The scope, mission, and workflow propelling the Pauling Blog have changed mightily since spring 2008, and our audience has steadily grown year-over-year, to the tune of nearly 120,000 views in 2015. We expect that a few people have been following this project since its inception, but for the many more who are relative newcomers to the Pauling Blog, we thought we would mark today’s anniversary by calling attention to eight posts or posting series that we put together in our very early years.

  1. Roger Hayward (series). This collection of posts, run in April and May 2008, eventually morphed into a much larger project detailing the life and work of the remarkable man who illustrated many of Pauling’s publications, and did quite a bit more beyond that.
  2. The Guggenheim Trip (series). Published in June 2008, this series marked our first foray into fairly detailed original research.  Those who know Pauling’s story will also know that the 1926-27 Guggenheim trip was critical to his future successes as a structural chemist.
  3. A Halloween Tale of Ice Cream and Ethanol.” Released on Halloween day 2008, this lighthearted post actually provides some pretty interesting insight into Pauling’s personality – he truly never stopped being a scientist.
  4. Oregon 150 (series). The state of Oregon celebrated its sesquicentennial in 2009, and the Pauling Blog participated by researching specific aspects of Pauling’s life in and association with the Beaver state.  Though most of these posts were released in 2009, our keen interest in exploring Pauling’s relationship with Oregon continues to this day – forty-six posts are now categorized under the heading, “Pauling and Oregon.”
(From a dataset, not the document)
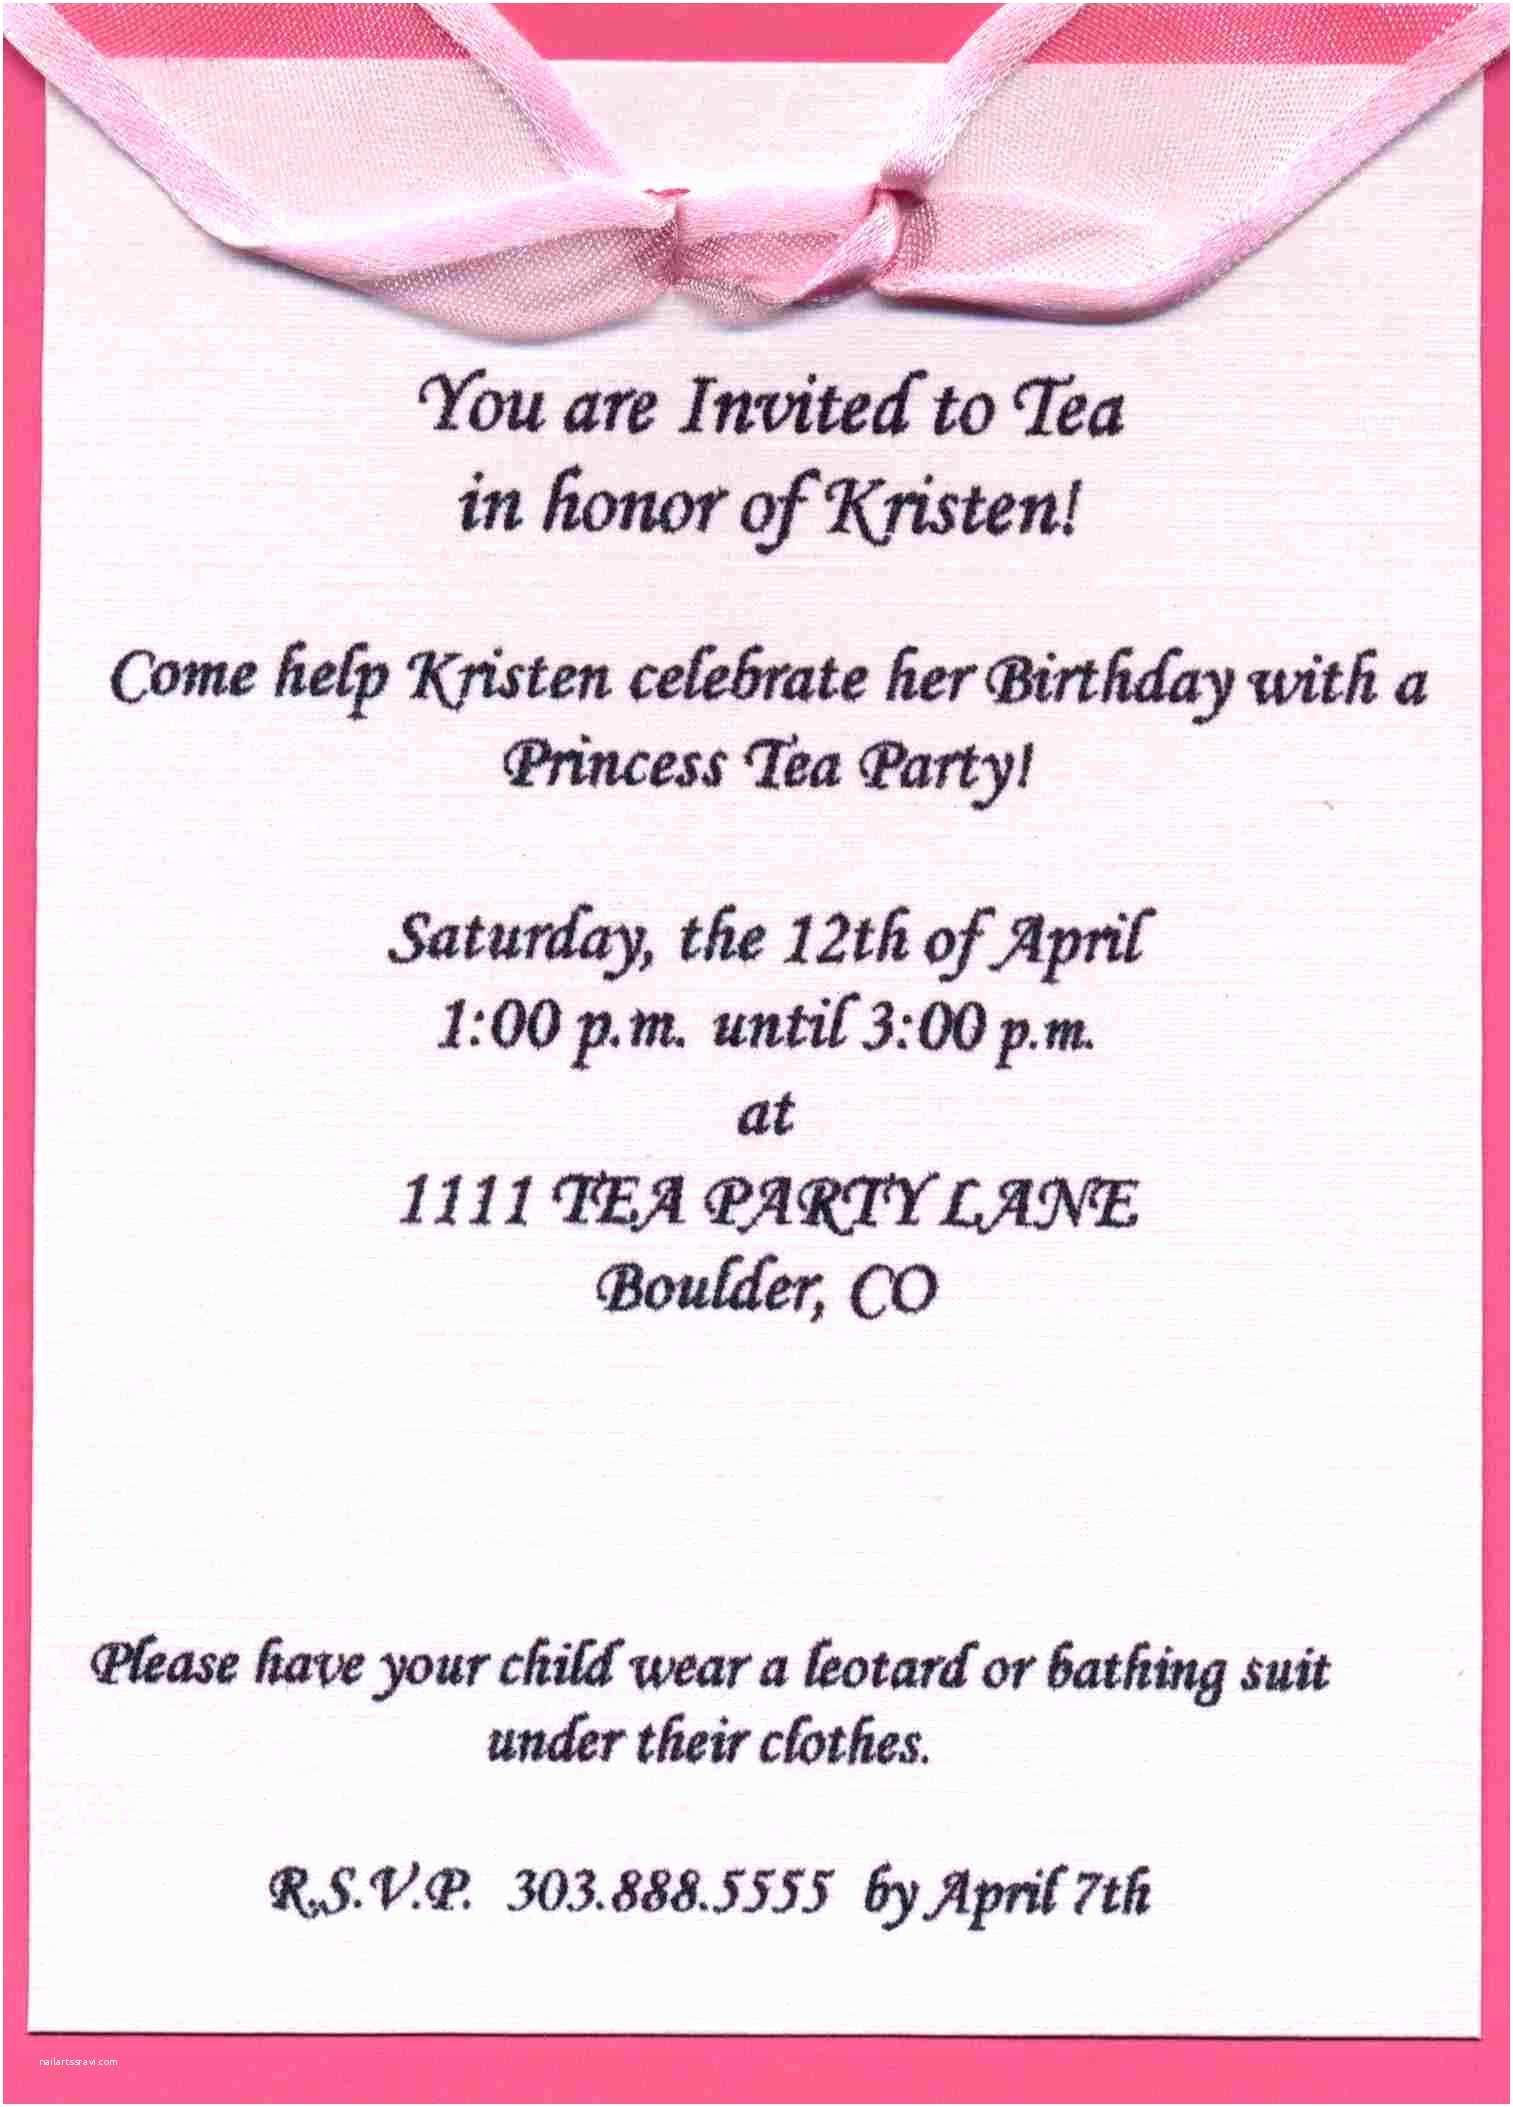 Birthday Party Invitation Wording 40th Ideas Text Samples

  5. Linus Pauling and the Search for UFOs“. This post appeared on May 11, 2009 and became the source of a good amount of attention.  A sequel of sorts was released last year as part of our examination of Pauling’s years at the Center for the Study of Democratic Institutions.
  6. Pauling’s Theory of Anesthesia. (series) Another batch of early original research of which we remain proud. Over time, the Pauling Blog has placed greater emphasis on exploring components of Pauling’s work that are admittedly more tangential, and thus under-researched by his stable of biographers. His theory of anesthesia, which occupies a single solitary box in the Pauling Papers, certainly fits that description. The anesthesia posts were published in June 2009.
  7. The Pauling Chalkboard. (series) Those who have visited the reading room of the Special Collections and Archives Research Center at Oregon State University’s Valley Library will likely have seen and taken a moment to ponder Pauling’s chalkboard, which is on permanent display in our facility.  Countless visitors over the years have asked us to decipher Pauling’s annotations on the board, and in December 2009 we finally got around to conducting a rigorous analysis of the board’s contents.
  8. Pauling’s Life-Threatening Kidney Disease. (series) In 1941 Pauling was diagnosed with glomerulonephritis, a kidney condition that, at the time, was basically a death sentence.  The approach that Pauling took to treating his disease is insightful on many levels: 1) that it worked; 2) that it was arguably his first experience of orthomolecular medicine; 3) that the physician who saved his life likely would have been blacklisted for his political views, had he himself lived long enough; and 4) the crucial role played by Ava Helen Pauling in nursing her husband back to good health. The nephritis series was released in March 2010, right around the time of the blog’s second birthday.

As always, thanks for your continued readership.  We’re glad to say that we have plenty more in store for 2016.